Apart from the pictures, print the data below exactly as given.

Start of DATASET EXTRACT

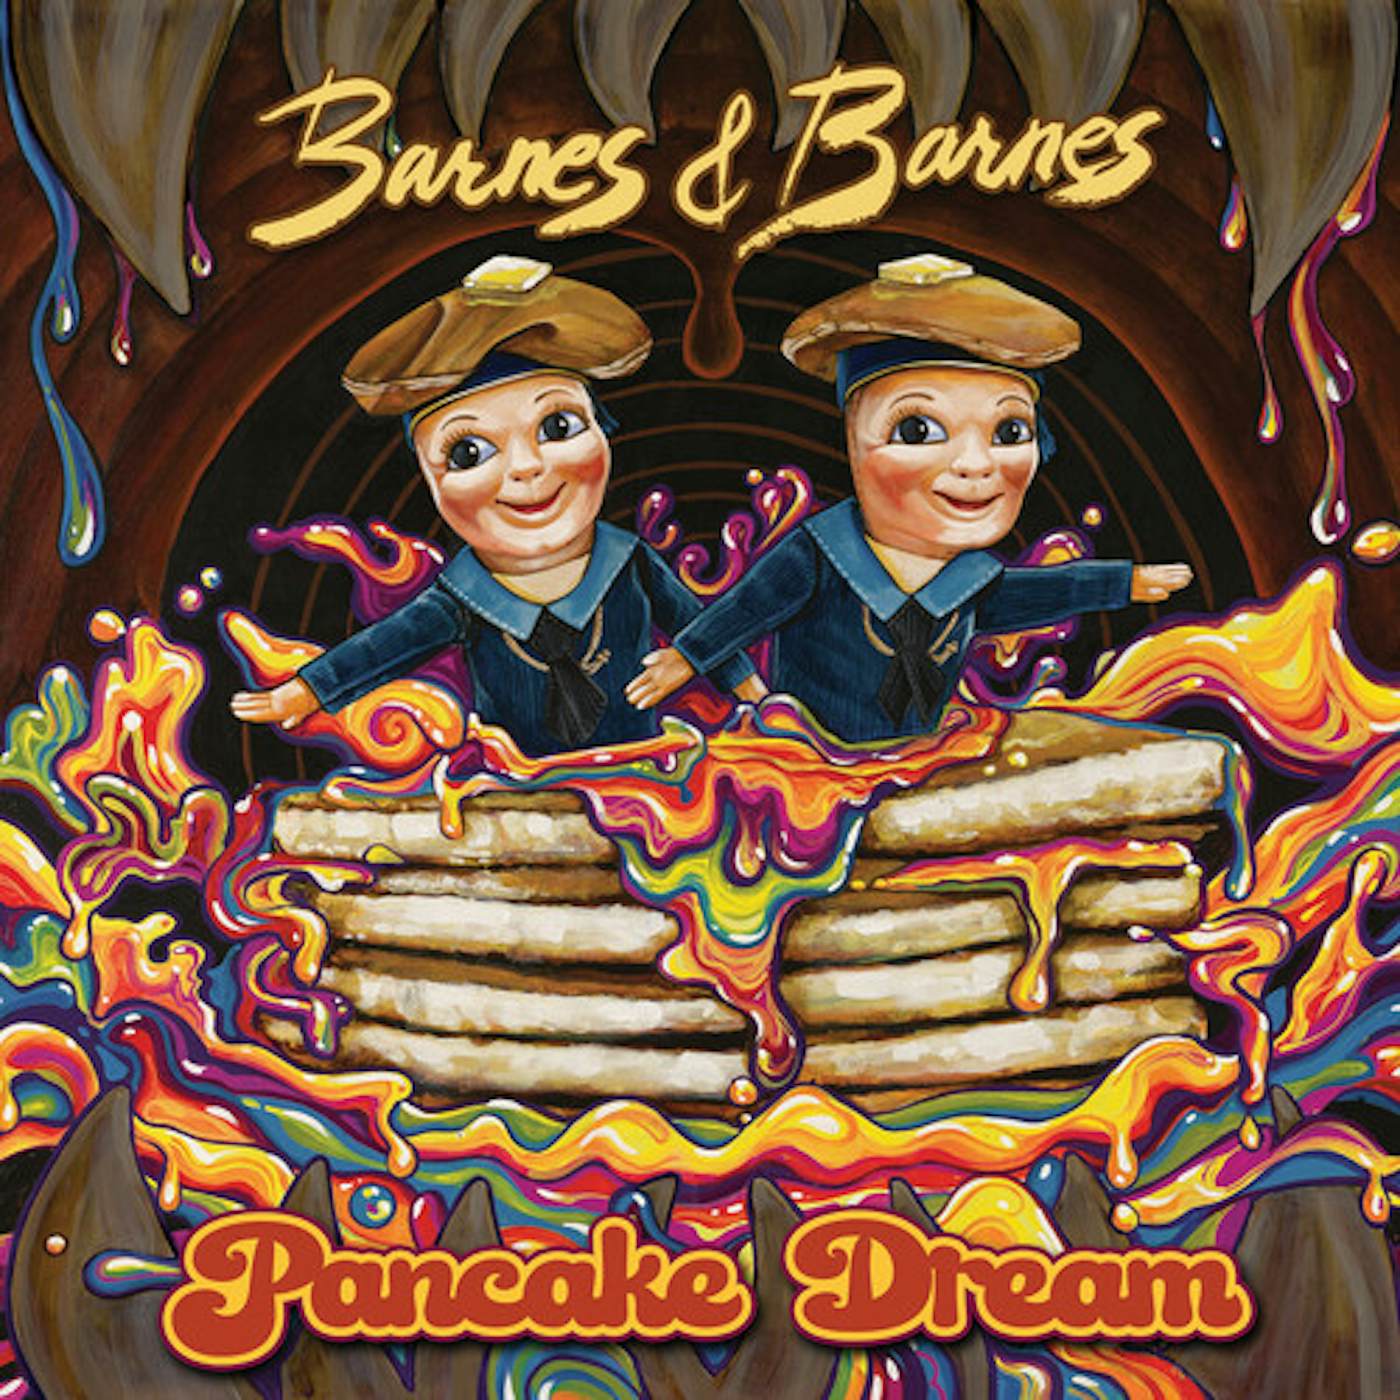 Barnes & Barnes Pancake Dream Vinyl Record
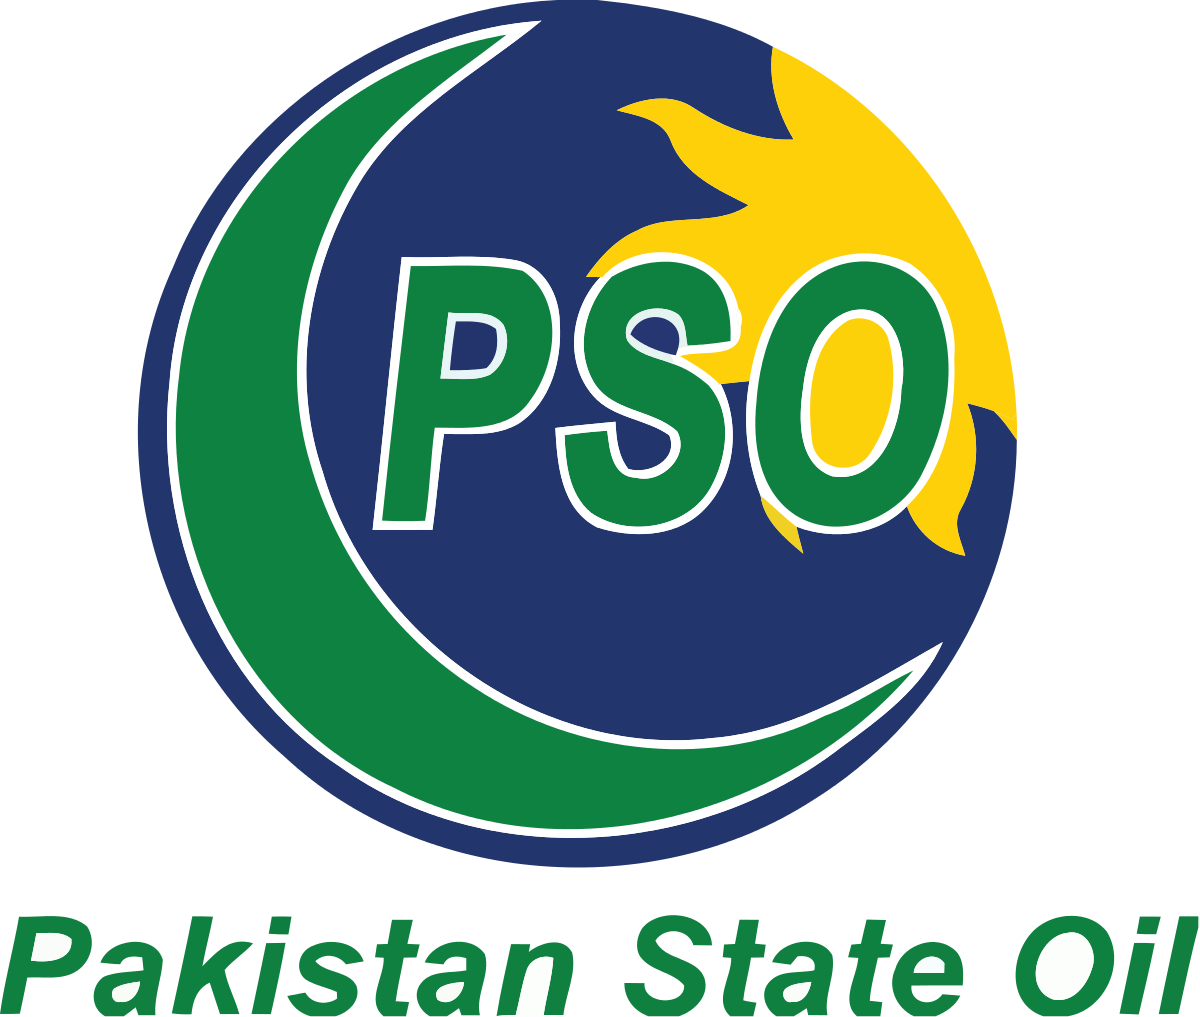 Pakistan Oil Company Logo - Pakistan State Oil
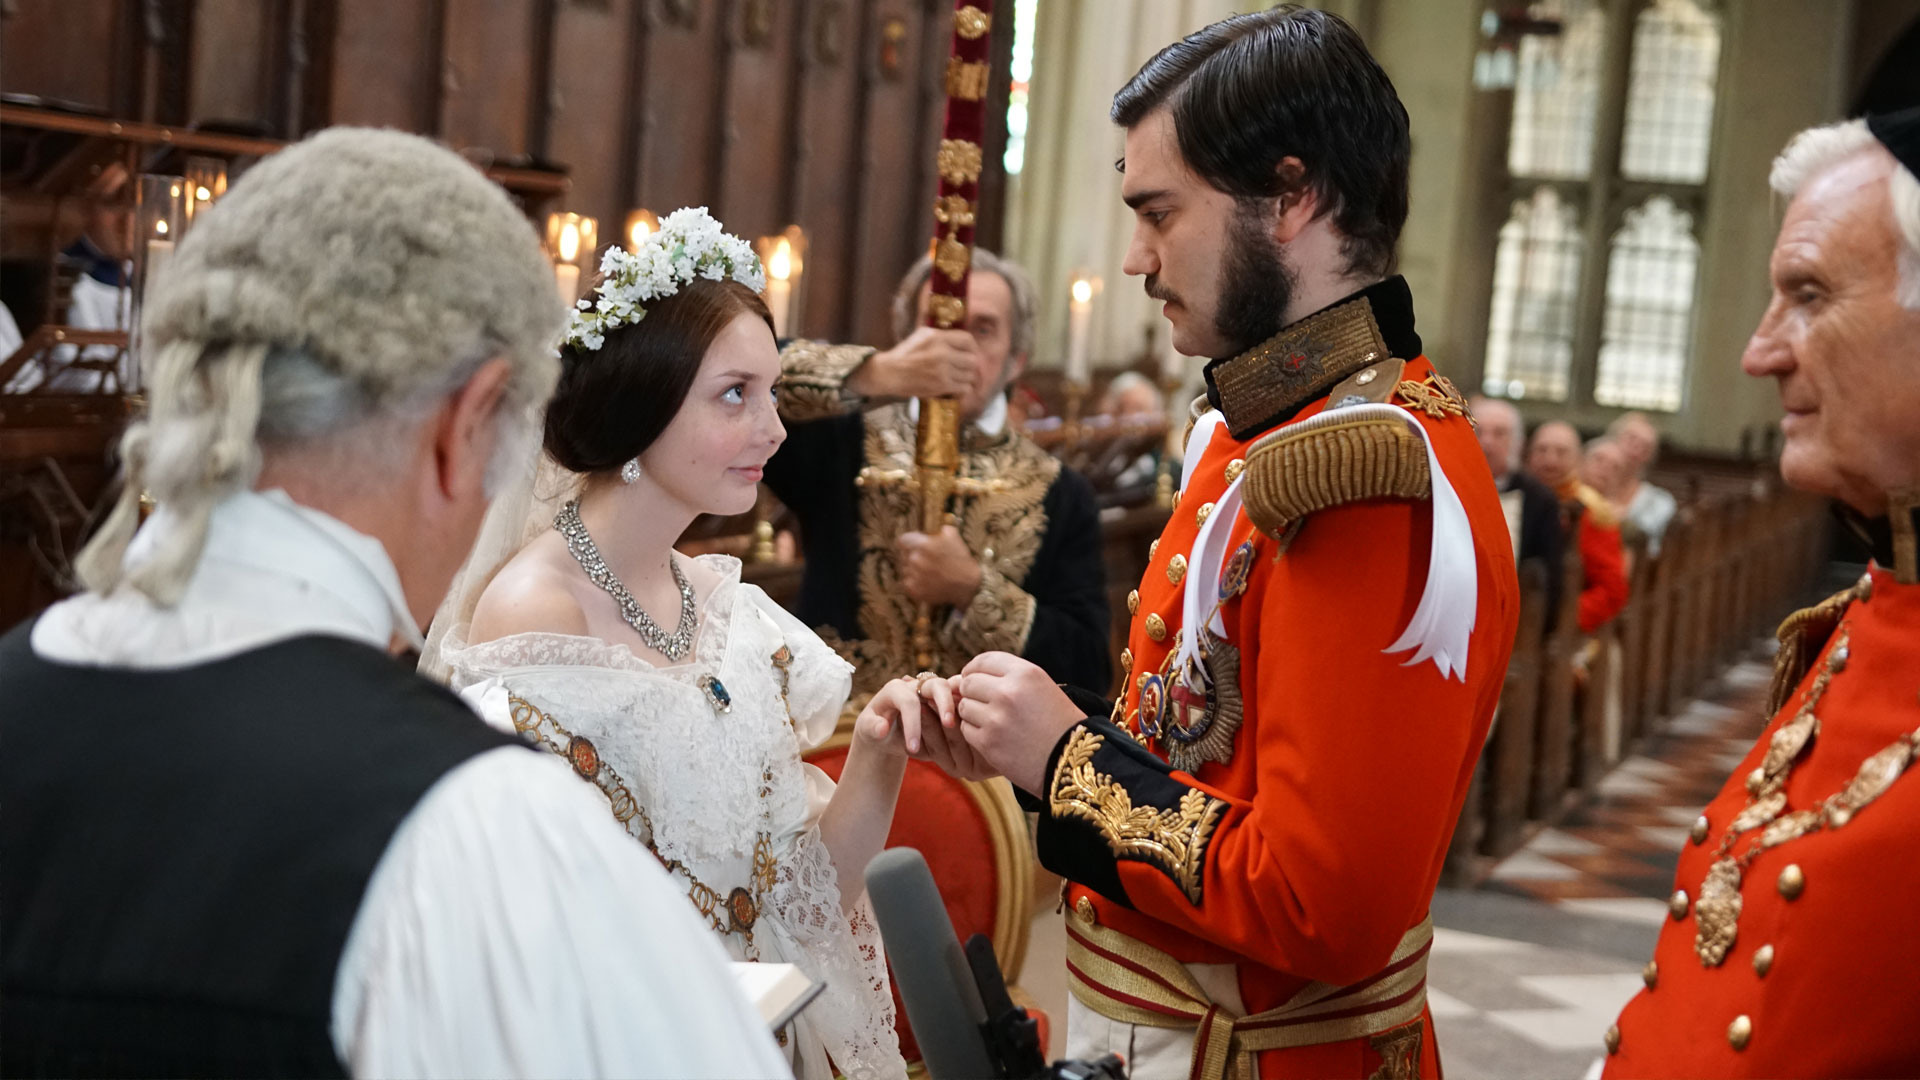 Victoria & Albert: The Wedding

End of DATASET EXTRACT

**WRITTEN ANSWER:**
 Barnes & Barnes Pancake Dream Vinyl Record
 Pakistan Oil Company Logo - Pakistan State Oil
 Victoria & Albert: The Wedding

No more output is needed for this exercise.